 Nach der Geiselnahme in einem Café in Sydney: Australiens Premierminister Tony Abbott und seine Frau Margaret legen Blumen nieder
▬▬▬▬▬▬
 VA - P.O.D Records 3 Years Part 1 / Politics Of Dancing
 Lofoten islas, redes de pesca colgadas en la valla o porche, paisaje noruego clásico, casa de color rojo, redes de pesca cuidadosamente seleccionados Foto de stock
▬▬▬▬▬▬
■ How to complete this task: Copy the lines above exactly, beginning at the line that has "VA - P.O.D Records" and stopping after the line that has "Lofoten islas, redes", and omit the rest.

■ Answer space:
 VA - P.O.D Records 3 Years Part 1 / Politics Of Dancing
 Lofoten islas, redes de pesca colgadas en la valla o porche, paisaje noruego clásico, casa de color rojo, redes de pesca cuidadosamente seleccionados Foto de stock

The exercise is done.